In our study, a different quantitative response is insinuated between microorganisms: E coli showed the greatest effect, with a 5.94 and a 3.5 Log10 CFU/mL reduction on Ti6Al4V and CoCrMo respectively, whereas S aureus and S epidermidis presented less than 1.3 Log10 CFU/mL reduction on both materials. This variation could be explained by the fact that Gram-positive bacteria develop thicker, more hydrated biofilms than those of Gram-negative bacteria, which may have an effect on thermal diffusion throughout biofilm matrix. To our best knowledge, all previous studies on induction-heating on mature biofilms were performed using Gram-positive bacteria, and this result has not been reported previously.

Differences between metallic alloys may be suggested by the data, particularly in the case of E coli, which showed an apparently greater effect on Ti6Al4V than on CoCrMo. This may be due to the fact that no viable bacteria could be accounted for in 2 of the Ti6Al4V discs. However, the disc that did present quantifiable CFUs was well inside the range of its CoCrMo counterparts. Differences between biomaterials could not be consistently accounted for in this study.

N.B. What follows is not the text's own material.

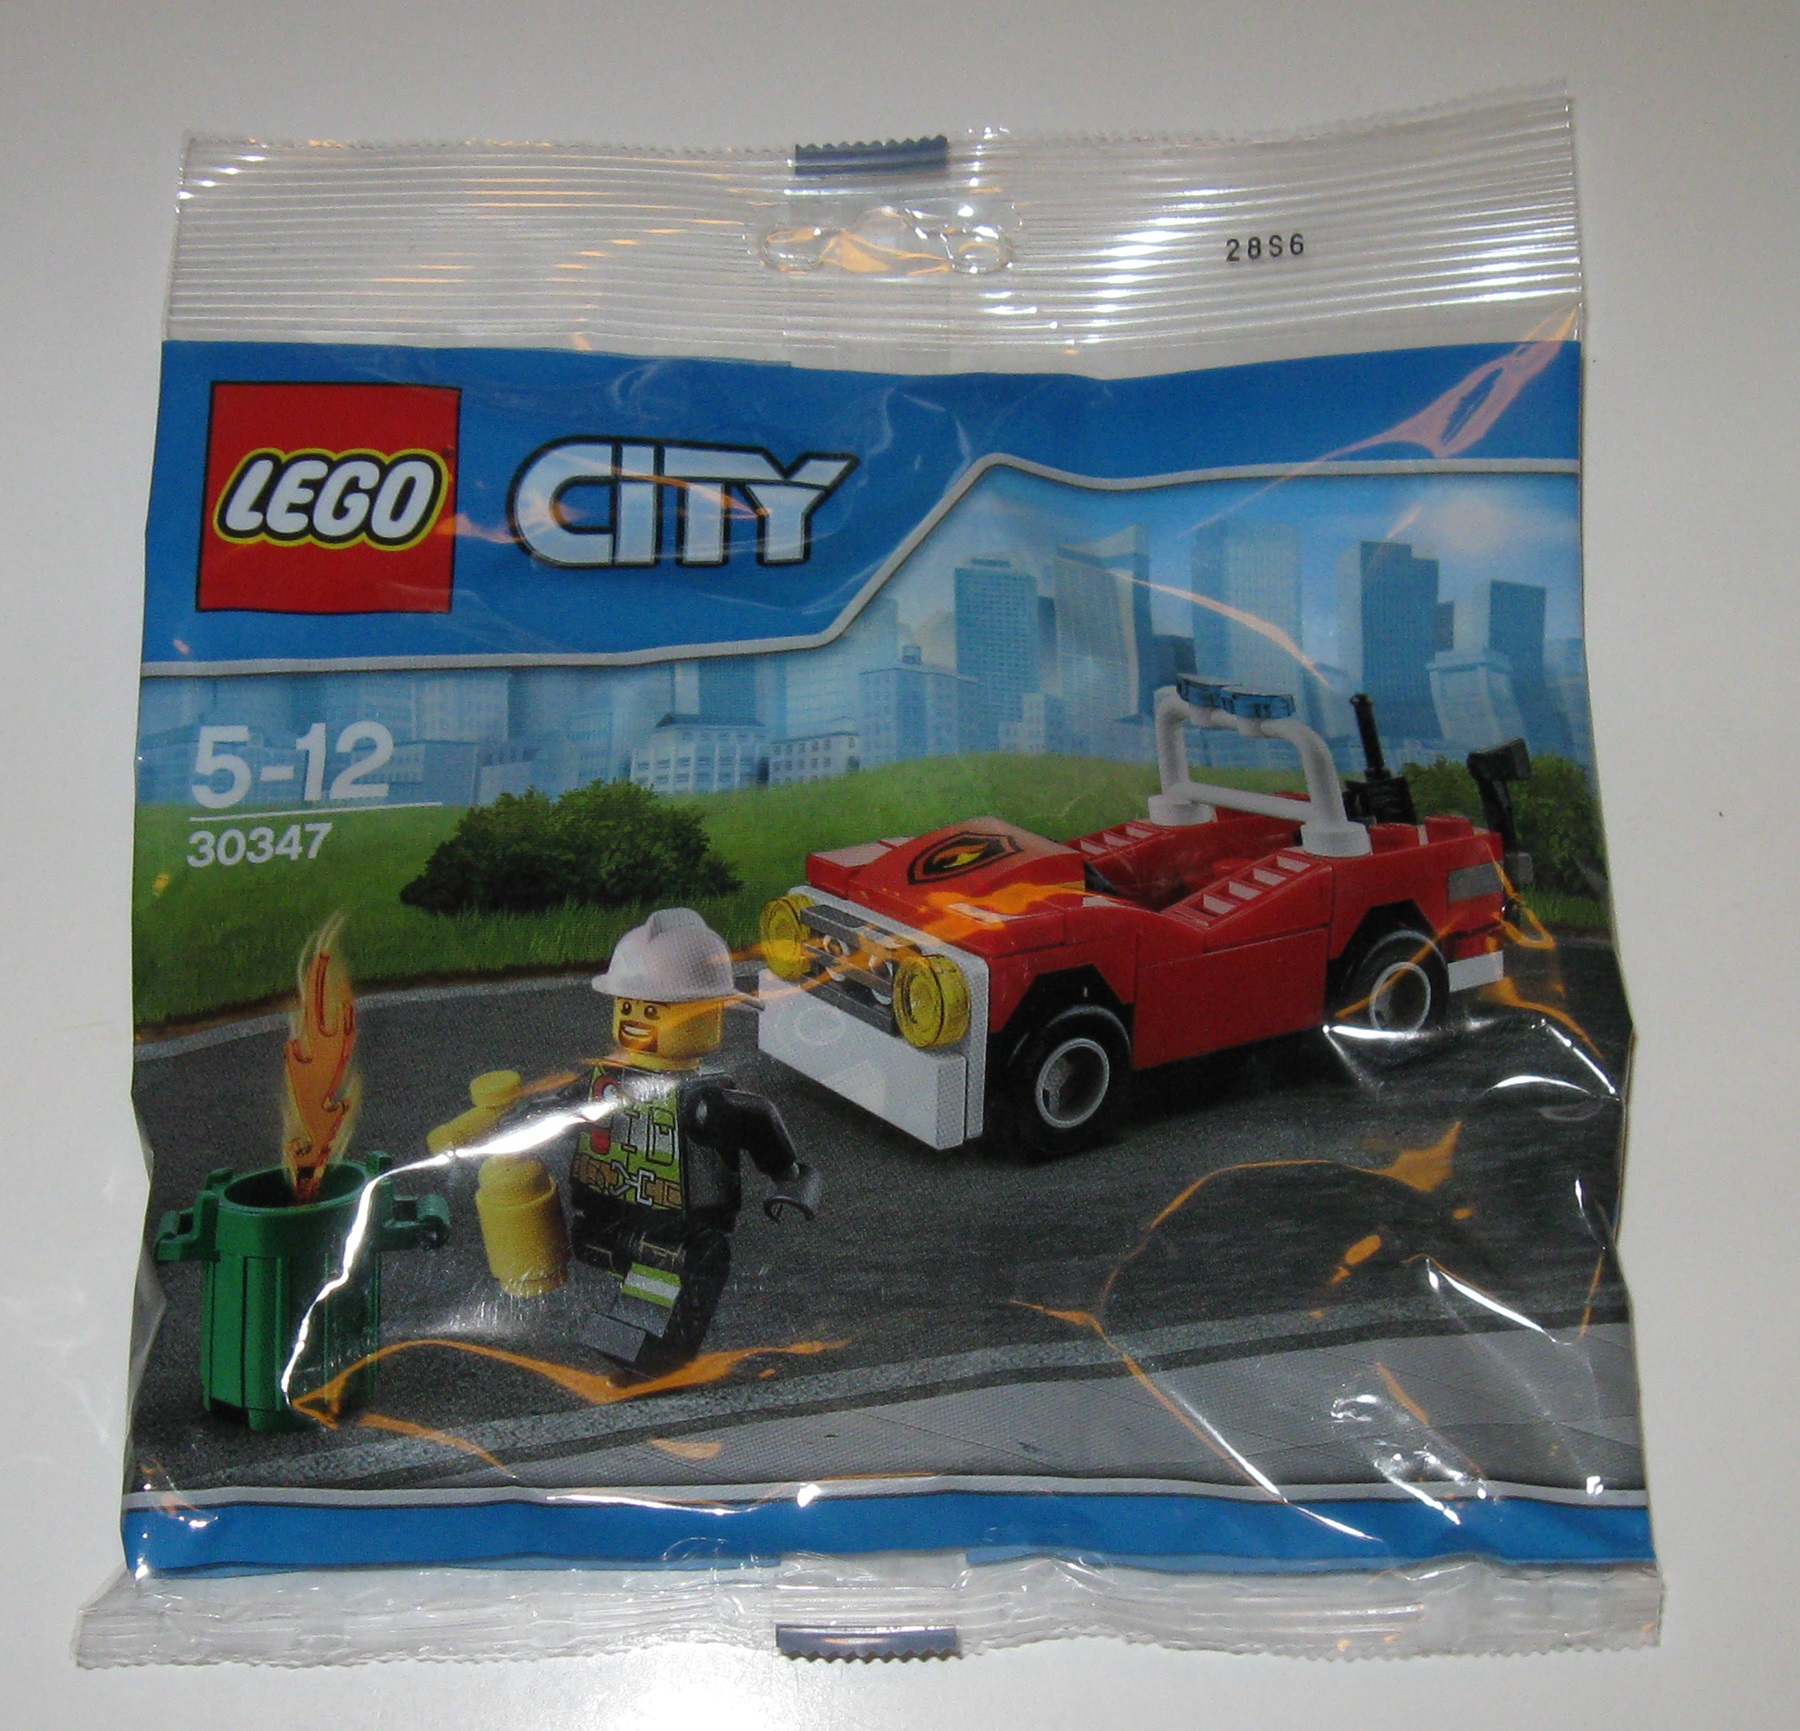 Lego City

One of the main limitations of this study is the lack of accuracy in thermal monitoring of the coupon surfaces. As stated above, the selected induction-heating protocol using PDSIH, as well as the thermographic monitoring method, were purposely selected for their feasibility for in vivo settings, and their validation was the main goal of this study. Another limitation is the fact that quantification of viable bacteria in the S epidermidis strain was low compared to other species, even in the control group, in both materials. This could have reduced the observable effect of the induction-heating treatment. However, bacterial load measurements are consistent between the discs, and it did not affect the statistical significance of this reduction. Finally, the simplicity of our study design can be considered as a further limitation: a full comprehension of the relative magnitude and clinical feasibility of induction-heating disinfection will require a multidimensional analysis of the isolated and combined effects of induction-heating and other techniques, such as mechanical cleaning and antibiotic therapy; the first results on this regard have been published in recent years [11, 12]. Furthermore, this study only assessed the effect of induction heating on 3 bacterial strains, while many other species can be less frequently involved in prosthetic joint infection, and induction-heating effect on them cannot be extrapolated yet. Further experiments will be needed to consistently determine the actual effectiveness of induction heating relative to other techniques, as well as possible synergistic effects, in the more complex setting of an in vivo model of joint infection, and to assess the efficacy of this technique on a wider range of microorganisms.

Conclusions

Electromagnetic induction heating using PDSIH is efficacious in vitro to reduce mature biofilms of S aureus, E coli and S epidermidis growing on metallic surfaces of Ti6Al4V and CoCrMo alloys.